§ Task prompt
What is needed is an exact reproduction of the listing, without its pictures.

§ Supplied information
__________________________________________________

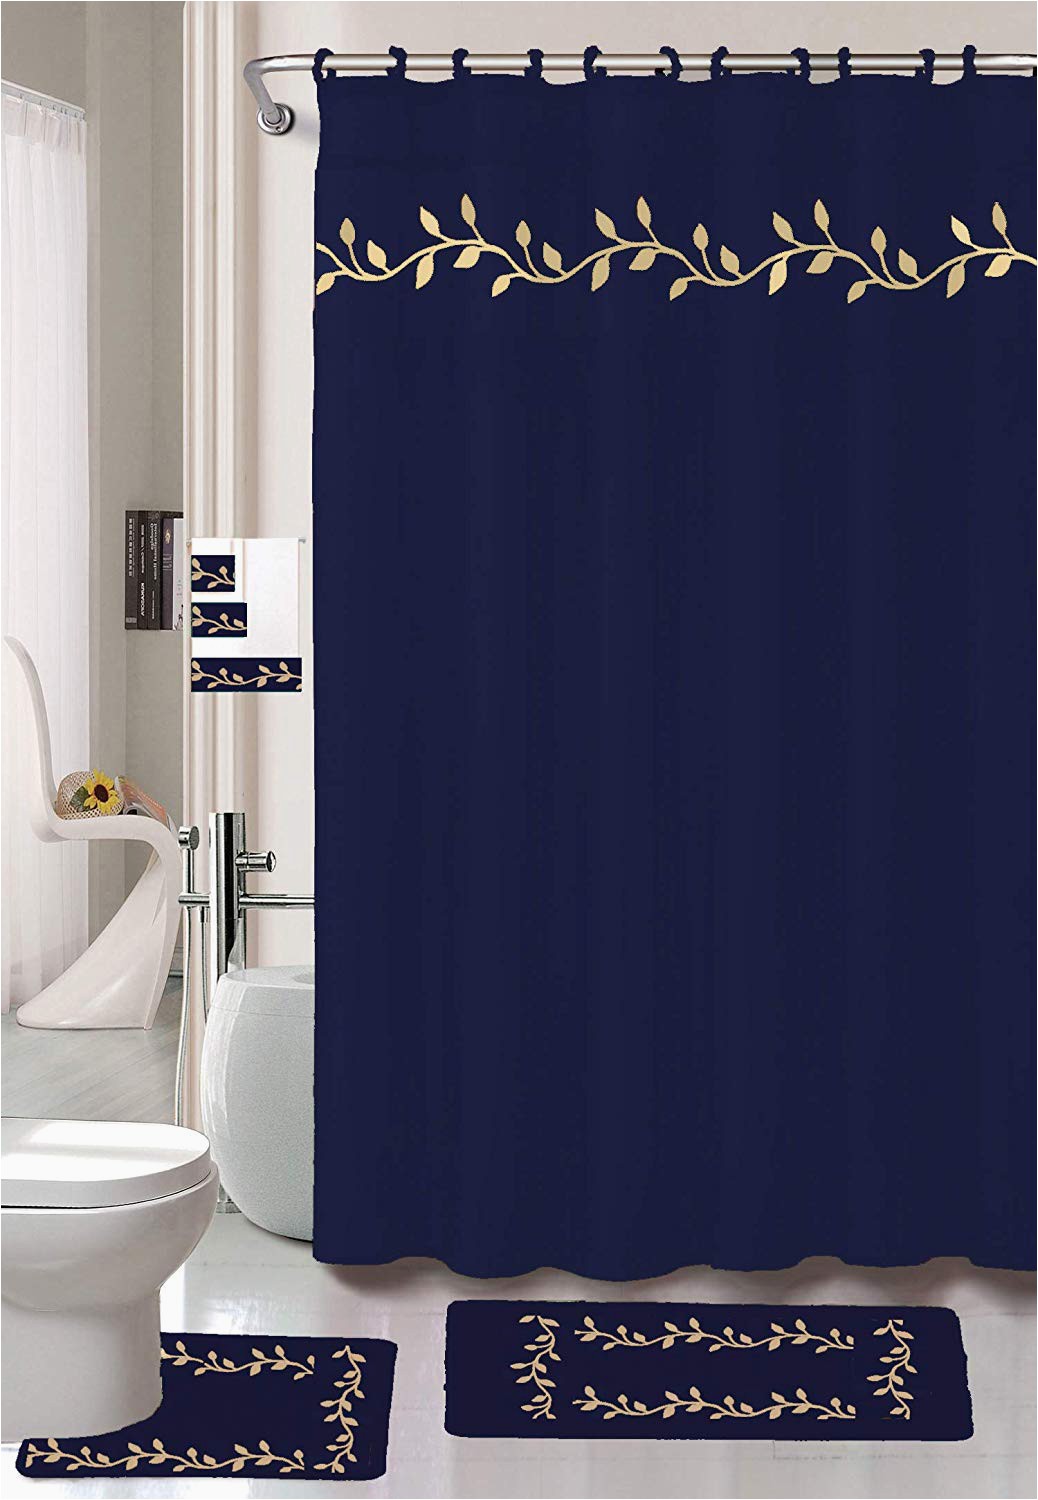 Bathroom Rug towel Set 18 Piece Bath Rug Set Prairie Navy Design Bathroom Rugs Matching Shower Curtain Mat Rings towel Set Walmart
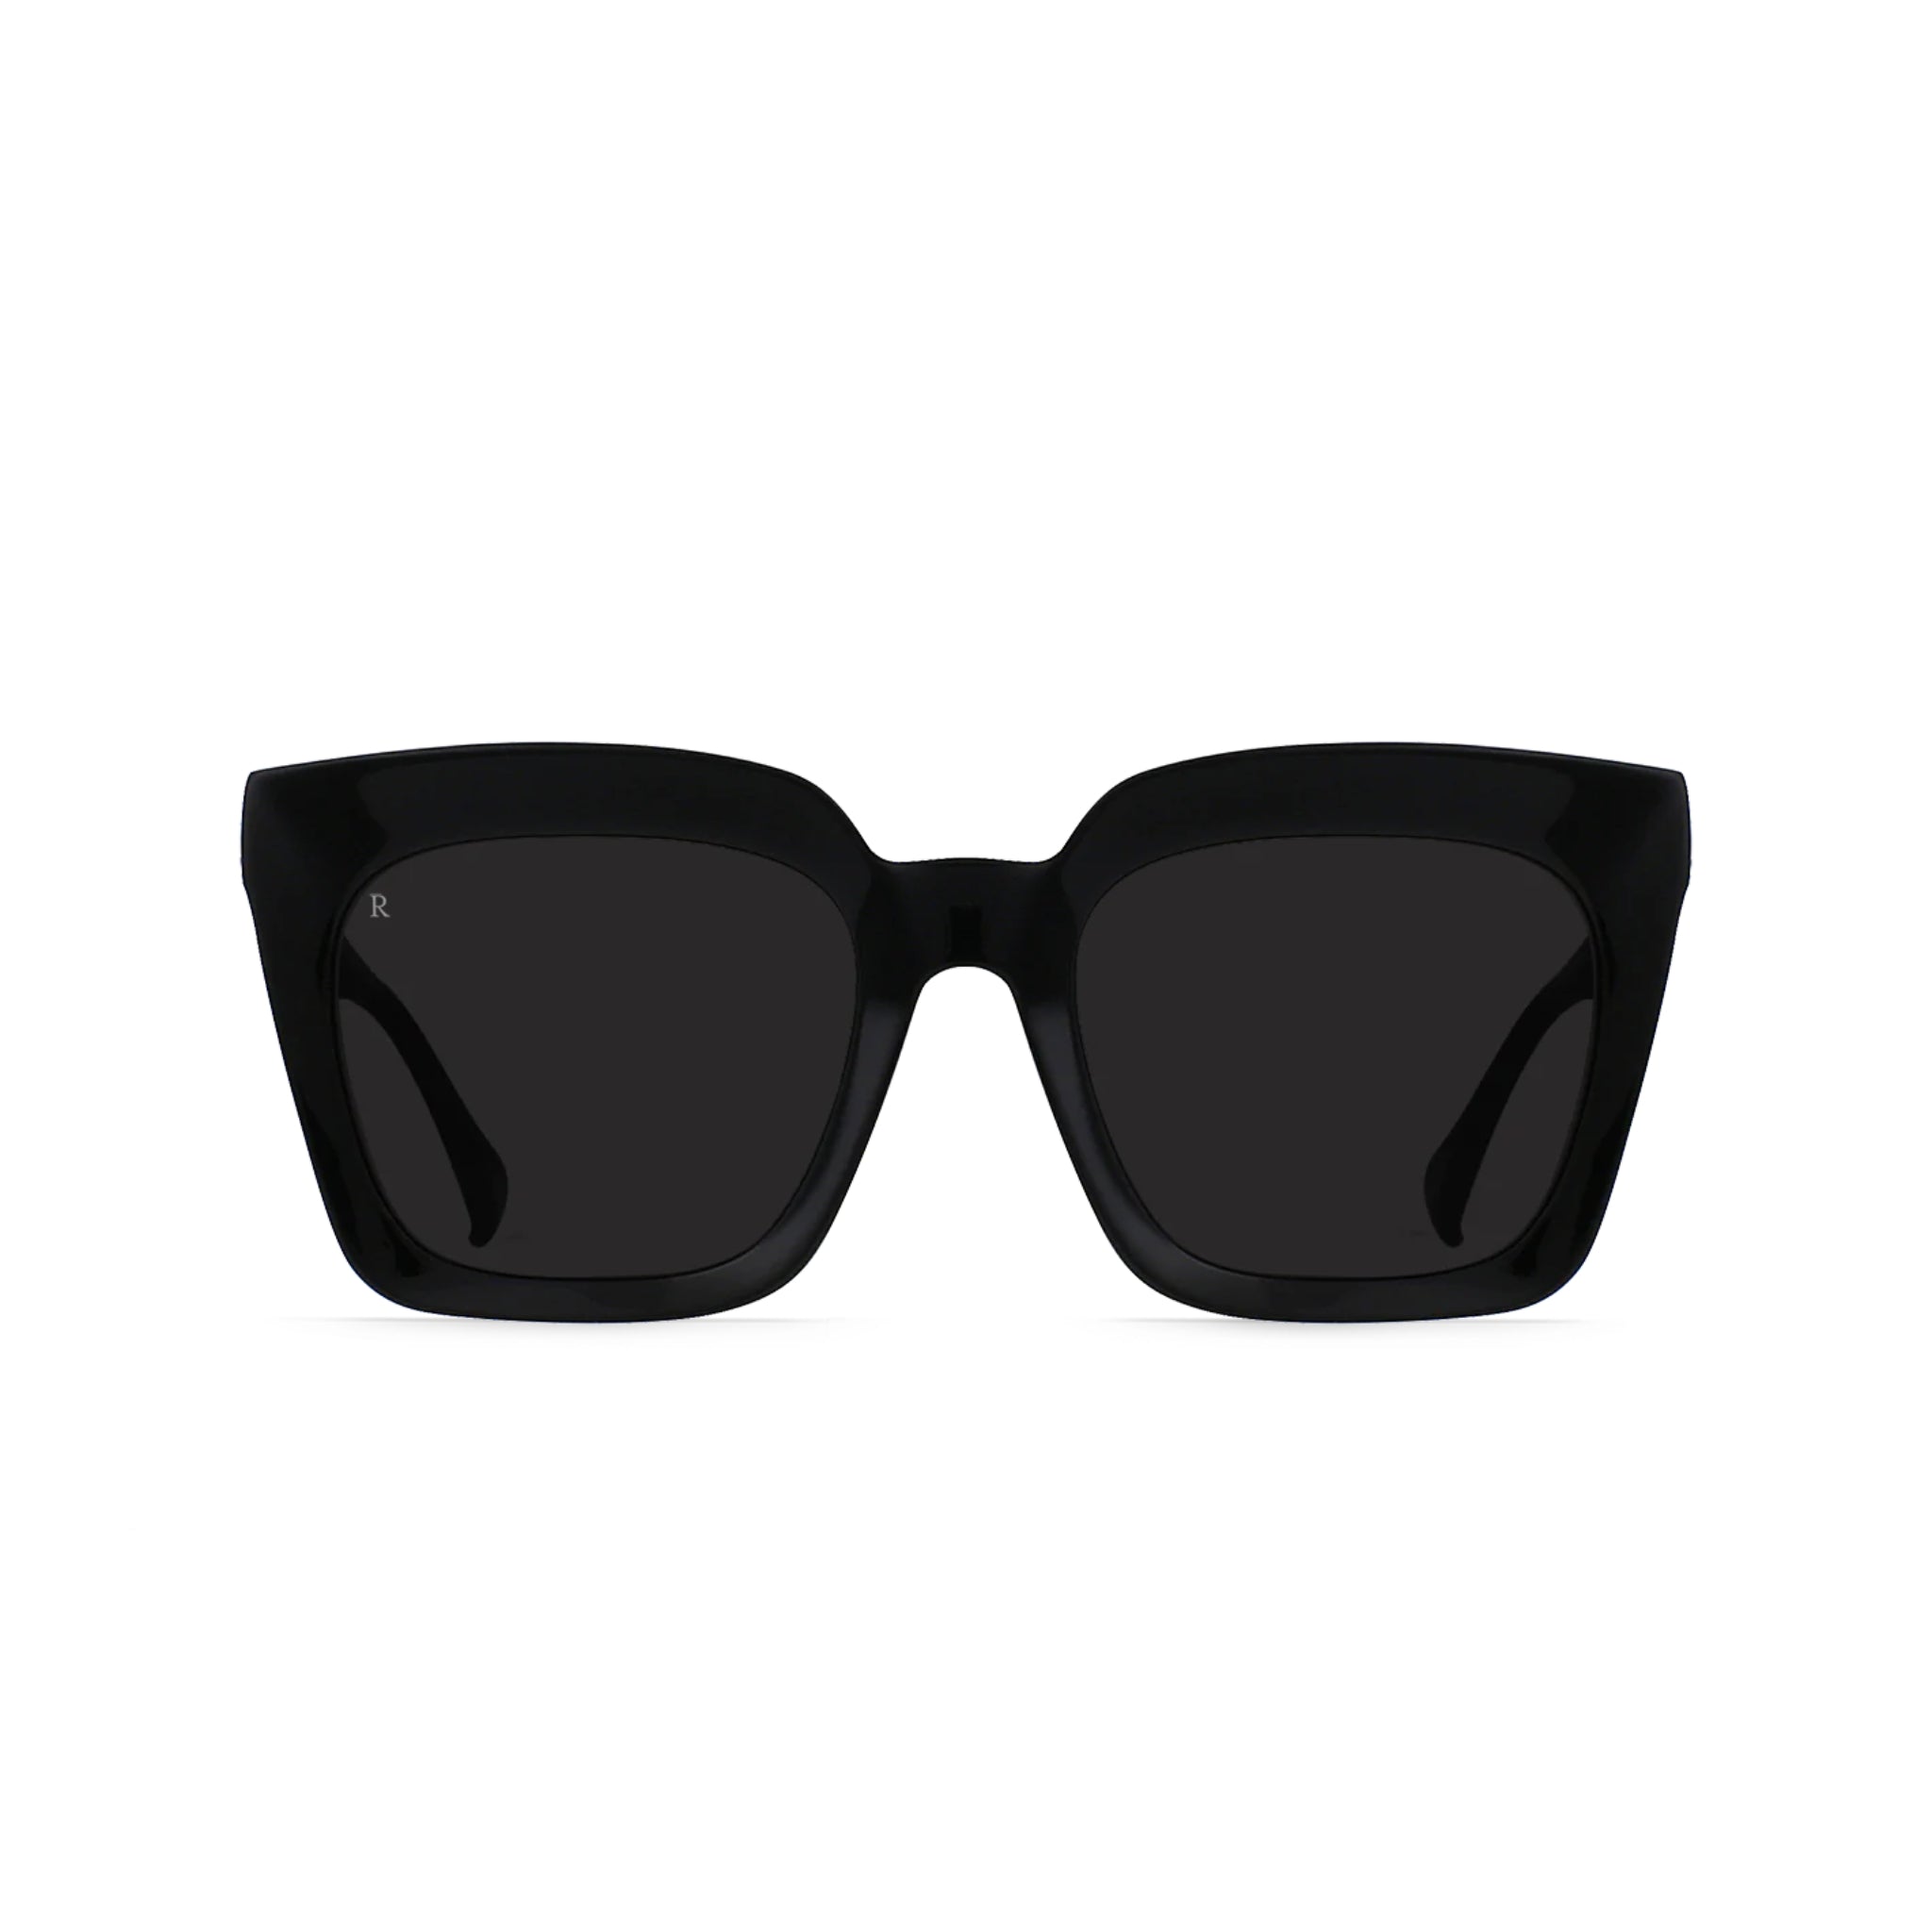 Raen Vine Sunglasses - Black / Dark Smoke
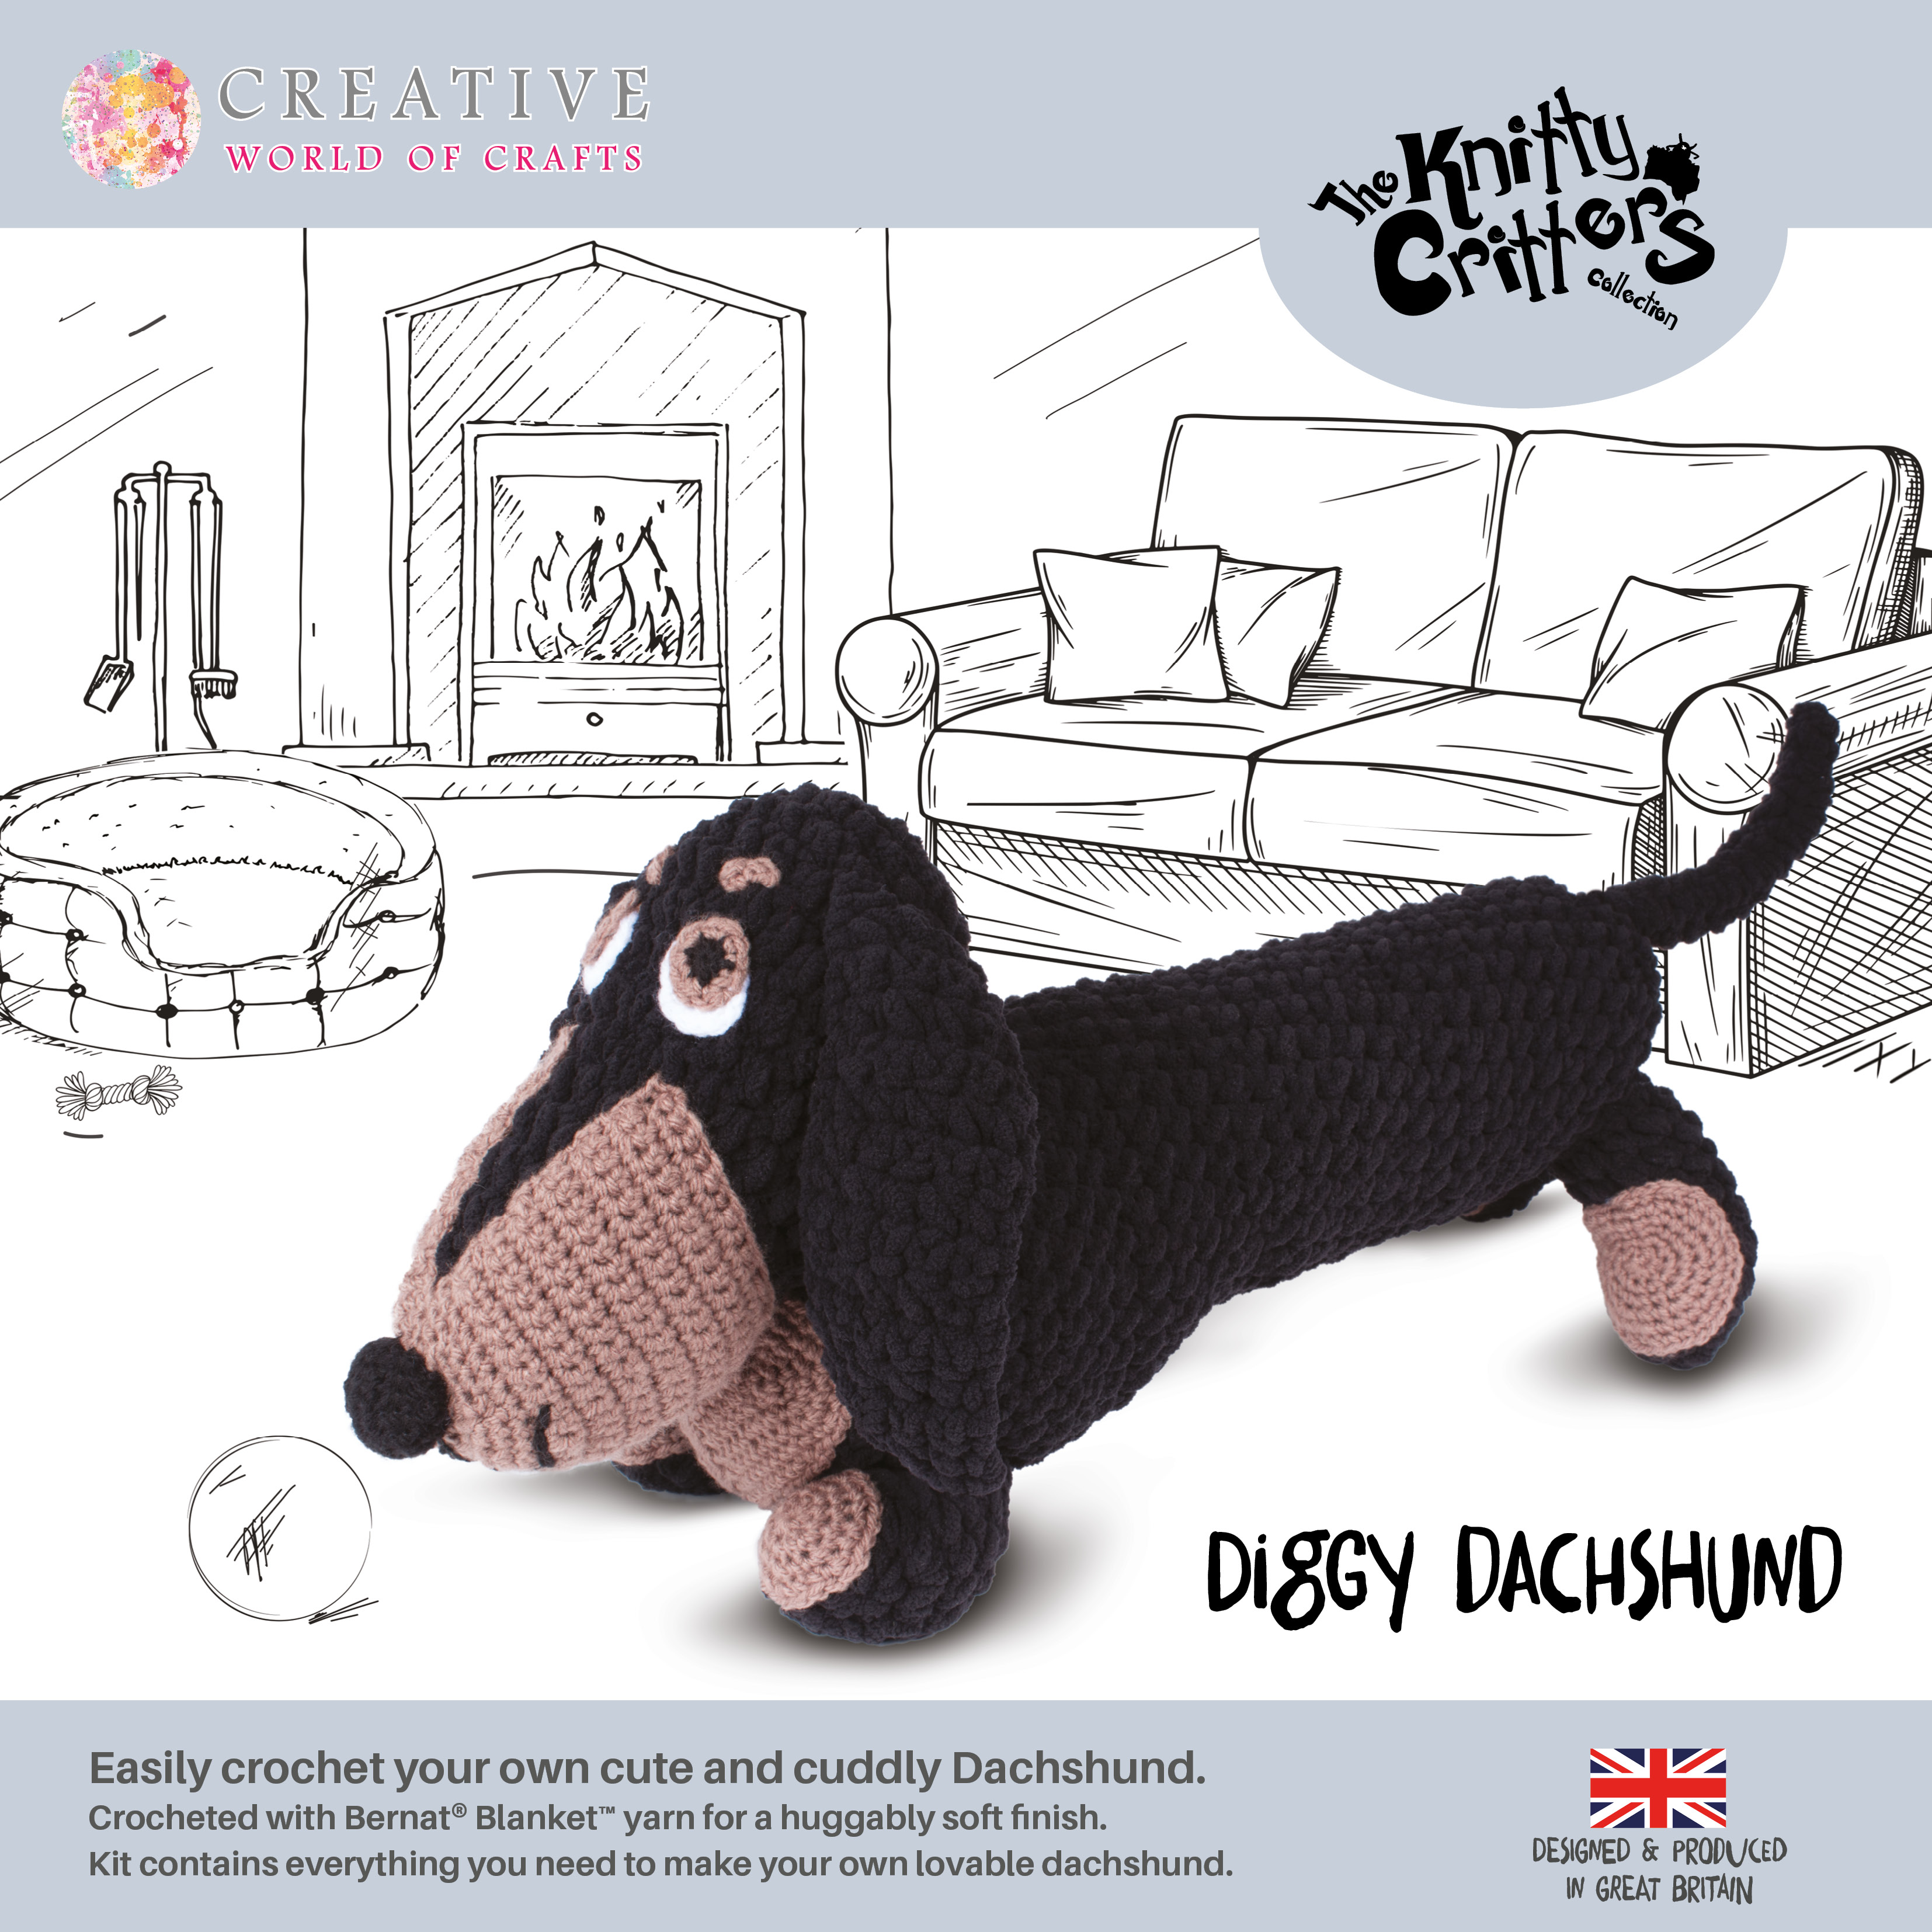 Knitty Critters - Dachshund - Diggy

__________________________________________________

§ Response to this exercise
 Bathroom Rug towel Set 18 Piece Bath Rug Set Prairie Navy Design Bathroom Rugs Matching Shower Curtain Mat Rings towel Set Walmart
 Raen Vine Sunglasses - Black / Dark Smoke
 Knitty Critters - Dachshund - Diggy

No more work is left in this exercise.